WSMR (89.1 FM) is a non-commercial radio station licensed to Sarasota, Florida, United States. It is owned by the University of South Florida and programs a classical music format. WSMR broadcasts from a transmitter located near the intersection of US 41 and SR 681 in Laurel. Its programming is repeated on translator W280DW 103.9 FM in Tampa, from a 250 watt transmitter on the USF main campus. WSMR's programming can also be heard around the Tampa Bay Area on the second HD Radio channel of 89.7 WUSF.

==History==
WSMR began broadcasting as WAYG on February 4, 1993. It was part of the WayFM Network and aired a Christian contemporary hit radio format simulcast from WAYJ in Fort Myers. The station never generated sufficient listener support among Sarasota's older population and closed in August 1996. That November, it returned to the air as WSMR under the ownership of Northwestern College of Roseville, Minnesota. During most of its existence under Northwestern College, the station carried a Christian adult contemporary format and was known as Life 89.1.

On July 30, 2010, Northwestern College announced that the station would cease broadcasting on August 4 at 5 pm. Northwestern College held a STA to dismantle its current tower and broadcast on another station's auxiliary tower at a lesser power. A loss of donations from listeners and businesses during the recession has led Northwestern College to close WSMR, even though the special temporary authority (STA) filed with the Federal Communications Commission (FCC) said that the station would continue broadcasting.

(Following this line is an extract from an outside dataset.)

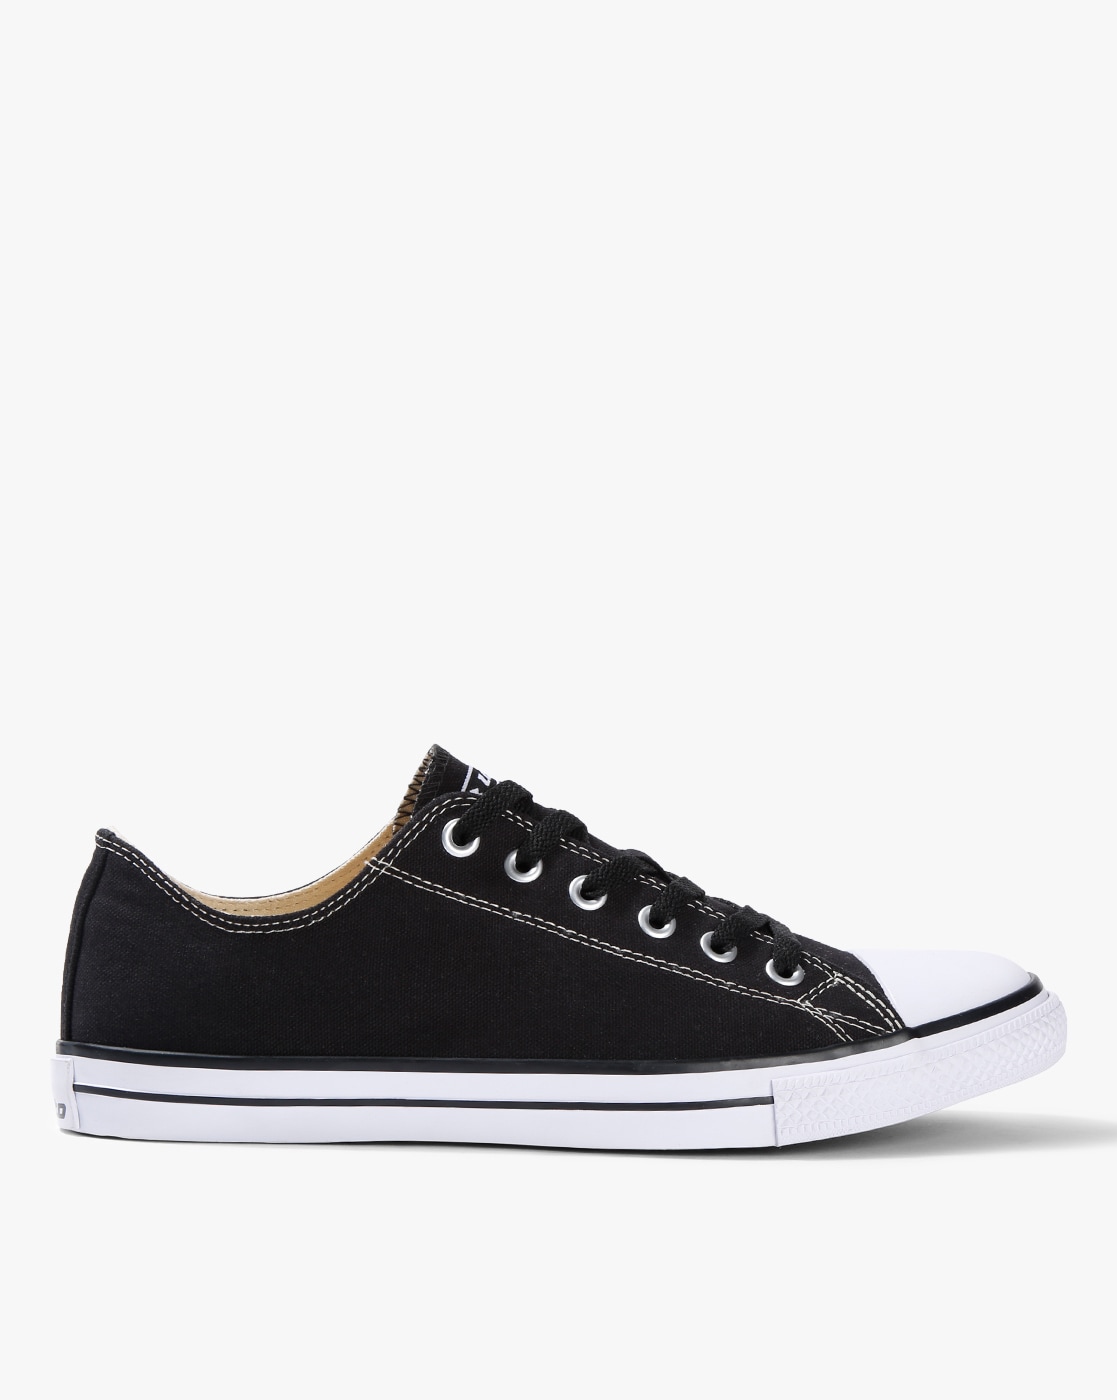 black casual canvas shoes

On the day of WSMR's closure, the University of South Florida (USF) announced its intention to acquire WSMR, with plans to change the station's format to classical music, while reimaging Tampa's WUSF FM as a station carrying National Public Radio-based talk programming by day and jazz at night. USF moved the station slightly closer to the Tampa Bay area; WSMR's coverage is primarily the Sarasota-Bradenton area. However, the station's programming is also heard on WUSF-HD2. WUSF's main frequency began broadcasting an NPR News and talk schedule on September 15, 2010; however, WSMR failed to launch on that date as previously announced. Various explanations were offered by WUSF, including delays due to FCC approval, and an undefined technical issue relating to another frequency assigned to "first responders" at the same tower site.

The station's sale to USF also included W280DW, to carry WSMR's new classical signal in Tampa.

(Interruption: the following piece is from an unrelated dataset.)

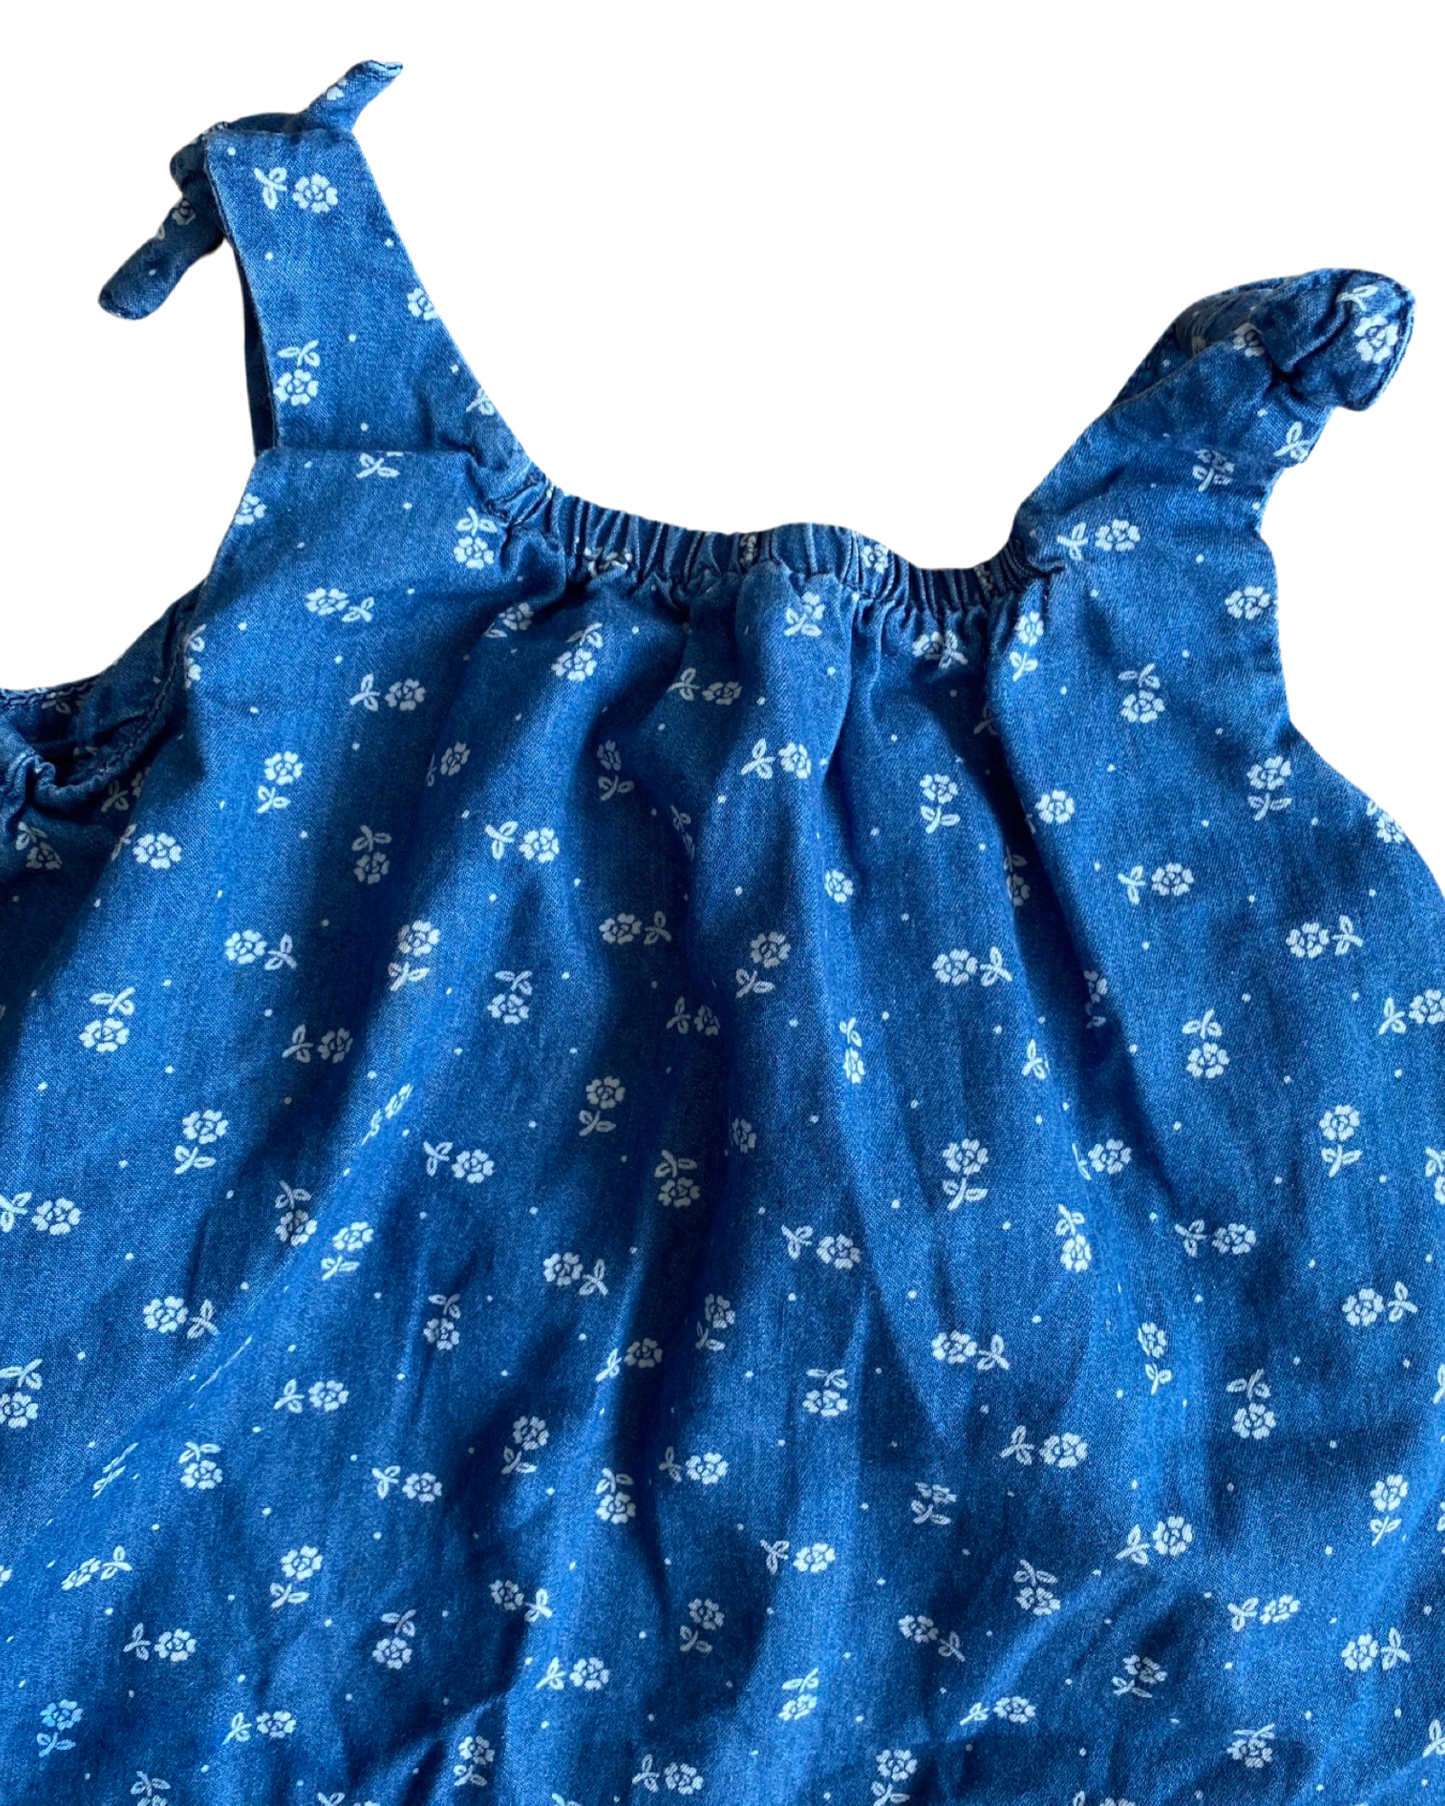 Baby Gap denim floral printed dress (2-3yrs)

Two weeks after the failed launch of classical replacement WSMR, station management came under public scrutiny for neglecting to perform due diligence regarding the purchase of the WSMR transmitter. According to a Bradenton Herald article:

Arthur Doak, an engineer for the FCC, said there was no record of WUSF or Northwestern College conducting an inspection on the tower but said stations are entitled to a review of tower sites.

"If the buyer wanted it done to protect themselves, certainly they could," Doak said. "That's between the buyer and the seller."

On October 25, 2010, WSMR resumed broadcasting, but temporarily at 5,000 watts on a Sarasota-area tower rented from Clear Channel Communications. After several weeks, full-power service resumed.

WSMR's main studios in Sarasota were completed in early 2011. The studio is used for broadcasting, as well as live and recorded local performances. The station is dedicated to presenting classical music in recorded and live performances and markets itself as Florida's Classical Station. It is available on-line as well around the world.